James: pragmatismo y tolerancia.

Uno de los fundadores del pragmatismo epistemológico fue el filósofo y psicólogo norteamericano William James (1842-1910). Bajo su enfoque la verdad no es concebida en un sentido trascendente, sino que como una propiedad de sólo algunas de nuestras ideas, a saber, de aquellas que logran cierta adecuación con la realidad y, producto de lo cual, podemos corroborar y verificar. Esto quiere decir que la verdad, según James, no es una propiedad inherente a las ideas, sino que es algo netamente contingente, esto es, que les acontece. Las ideas llegan a ser ciertas dependiendo de las circunstancias (1957: 16). Tales circunstancias deben cumplir con el requisito de ayudarnos, práctica o intelectualmente, a relacionarnos con la realidad. Así, recalca James, lo verdadero es sólo lo ventajoso en nuestro modo de pensar, por tanto, sólo refiere a su actuación empírica con respecto a nosotros (1957: 17-21).

A pesar de este último, James comparte con el realismo la creencia de la trascendencia de los objeto, esto es, de su existencia independiente del sujeto, no obstante, advirtiendo que aquello debe ser al menos susceptible de experimentación.

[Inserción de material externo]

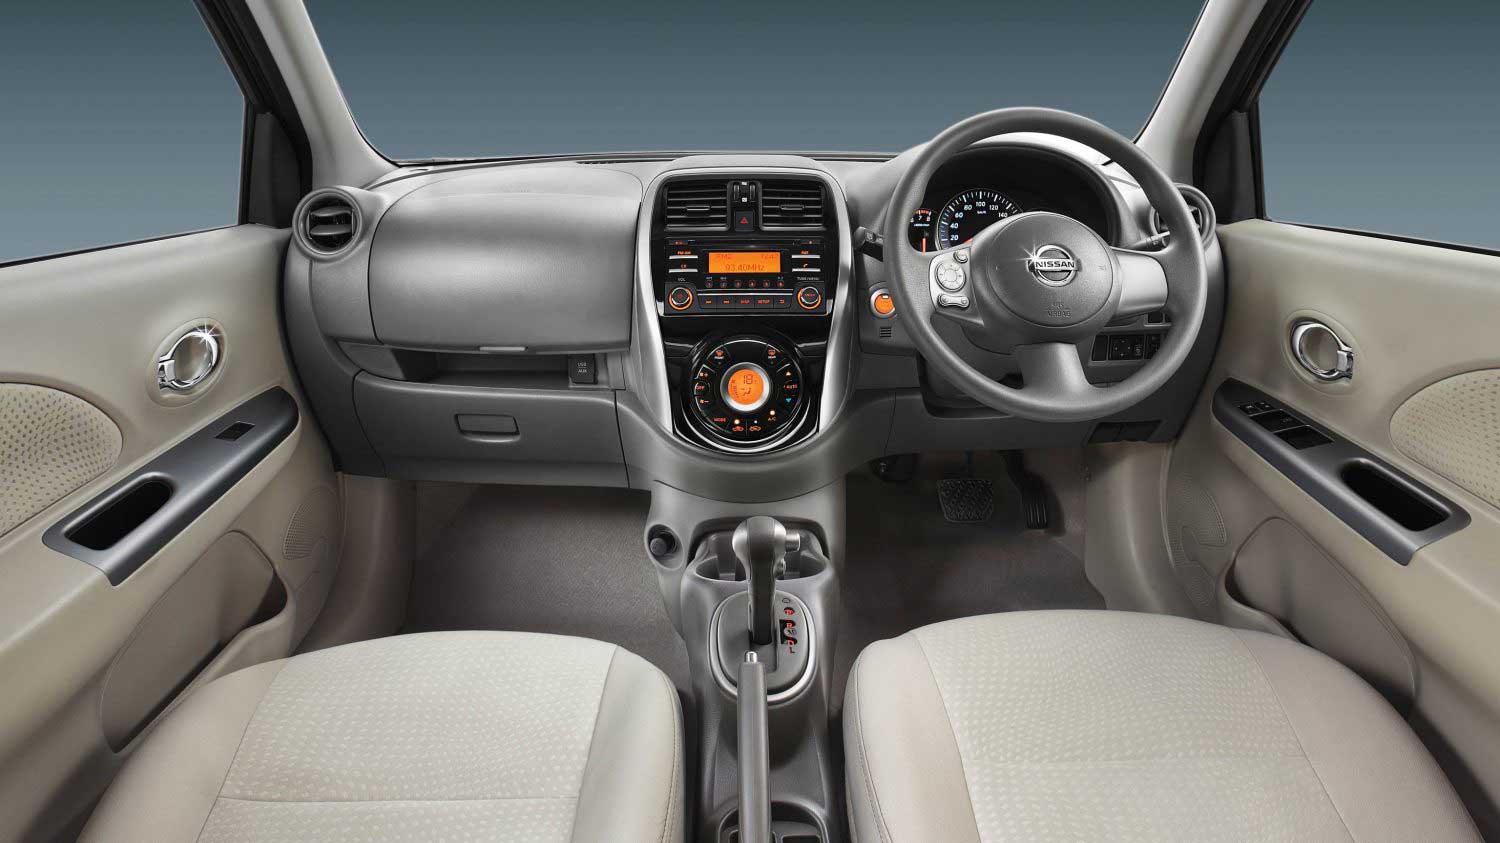 Nissan Micra XE Diesel Interior front view

La experiencia sería el intermediario entre la historia mental del experimentador y los hechos del mundo, constituyéndose así como el punto de intersección. Así, afirma que conocer un objeto es dirigirse hacia él a través de una conexión que proporciona el mundo (1957: 21, 45-46). James se da cuenta que tal enfoque realista se basa únicamente en la fe del crítico o del investigador, es decir, se erige en una mera creencia, la cual, por más ilusoria que parezca, debe mantenerse, al menos de modo relativo y provisional, en base claramente a la conveniencia humana. Llega a afirmar así que la verdad es más bien una relación entre las partes conceptuales de nuestra experiencia a partes del orden de la sensación, bajo la cual hay una interacción benéfica con entidades sensibles. A pesar de esto, James insiste en que su postura también incluye toda realidad empírica independiente del cognoscente, señalando así que su pragmatismo, epistemológicamente hablando, es también realista (1957: 40).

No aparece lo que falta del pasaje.